Below is a function to query the catalog for the s3 url covering a given point. You could easily tweak this function (or write your own!) to select granules based on different properties. Play around with the `itslive_catalog` object to become more familiar with the data it contains and different options for indexing.

:::{note}
Since this tutorial was originally written, the [ITS_LIVE Python Client](https://github.com/nasa-jpl/itslive-py) was released. This is a great way to access ITS_LIVE data cubes. 
:::


In [None]:
def find_granule_by_point(input_point: list) -> str:
    """I take a point in [lon, lat] format and return the url of the granule containing specified point.
    Point must be passed in EPSG:4326."""

    catalog = gpd.read_file("https://its-live-data.s3.amazonaws.com/datacubes/catalog_v02.json")

    # make shapely point of input point
    p = gpd.GeoSeries([Point(input_point[0], input_point[1])], crs="EPSG:4326")
    # make gdf of point
    gdf = gdf = gpd.GeoDataFrame({"label": "point", "geometry": p})
    # find row of granule
    granule = catalog.sjoin(gdf, how="inner")

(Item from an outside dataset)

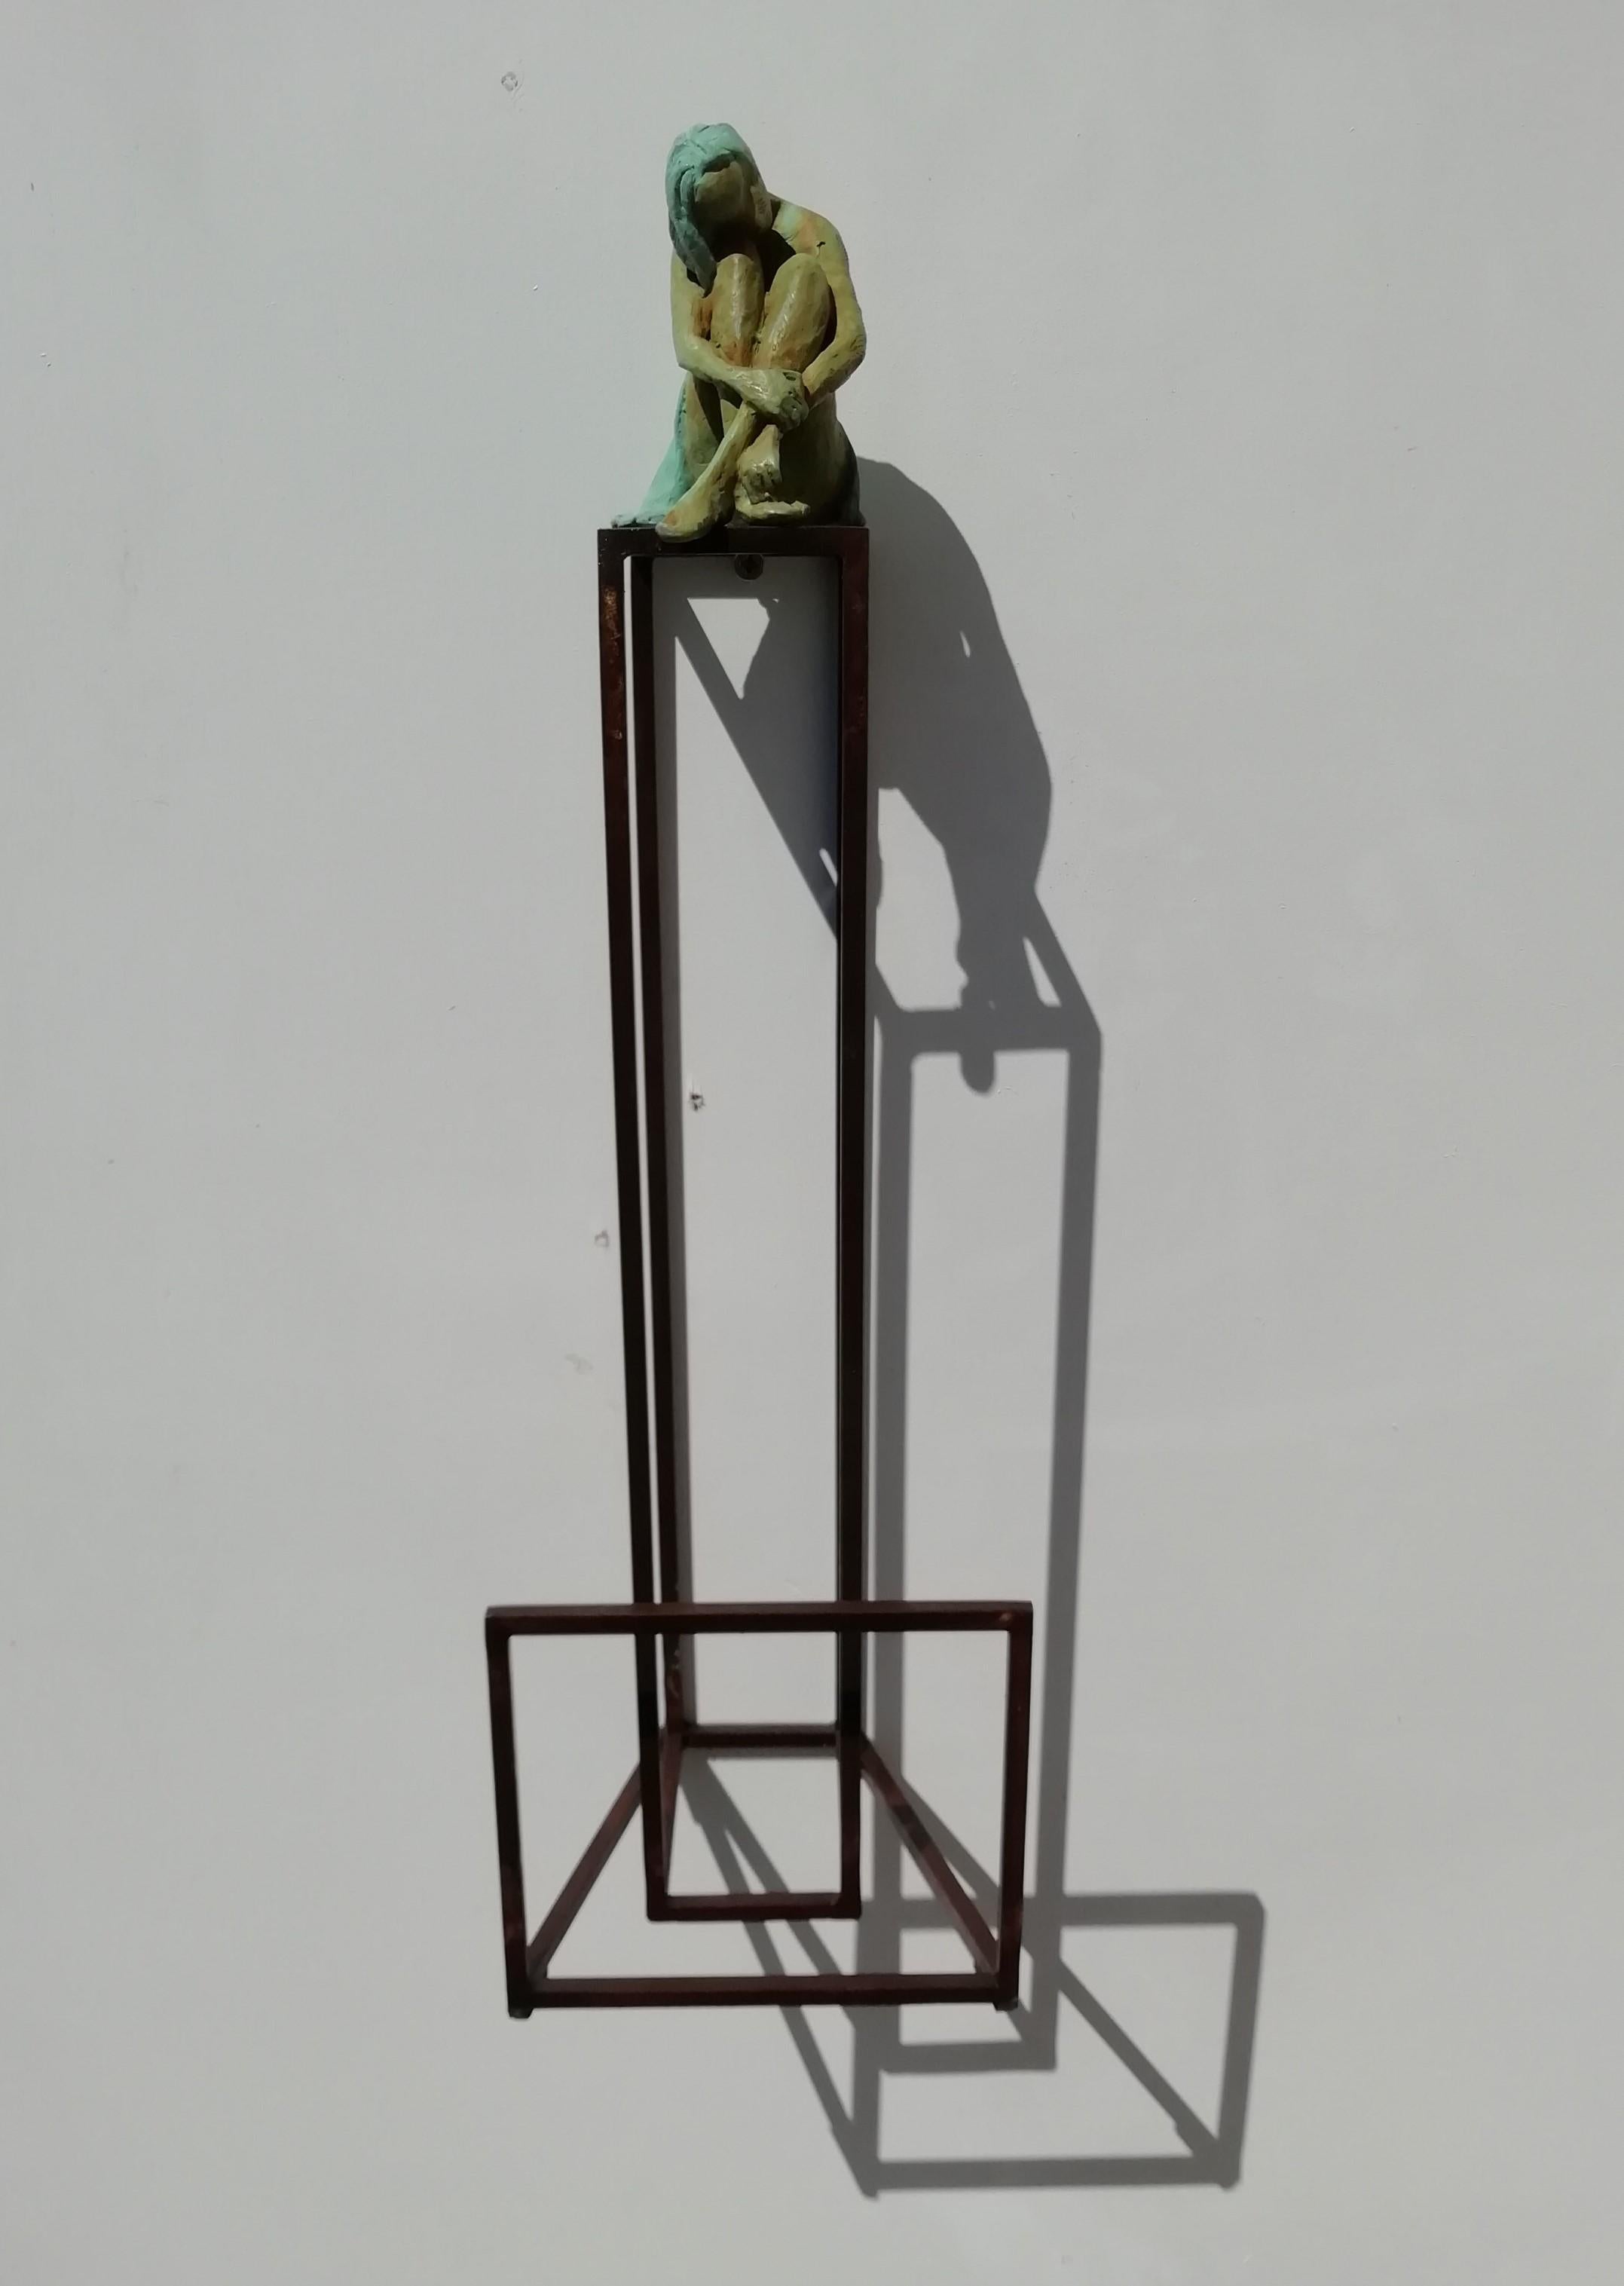 Joan Artigas Planas Figurative Sculpture - "Dreamy" contemporary bronze table mural sculpture figurative girl freedom dream

    url = granule["zarr_url"].values[0]
    return url

Choose a location in Alaska:

In [None]:
url = find_granule_by_point([-138.958776, 60.748561])
url

Great, this function returned a single url corresponding to the data cube covering the point we supplied. Let's use the `read_in_s3` function we defined to open the datacube as an `xarray.Dataset`

In [None]:
datacube = read_in_s3(url)
datacube

### 2) Read + visualize spatial footprint of ITS_LIVE data

Use the `get_bounds_polygon()` function to take a look at the footprint using `hvplot()`.

In [None]:
bbox_dc = get_bounds_polygon(datacube)

In [None]:
poly = bbox_dc.to_crs("EPSG:4326").hvplot(legend=True, alpha=0.5, tiles="ESRI", color="red", geo=True)
poly

## Conclusion
This notebook demonstrated how to query and access a cloud-optimized remote sensing time series dataset stored in an AWS S3 bucket. The subsequent notebooks in this tutorial will go into much more detail on how to organize, examine and analyze this data.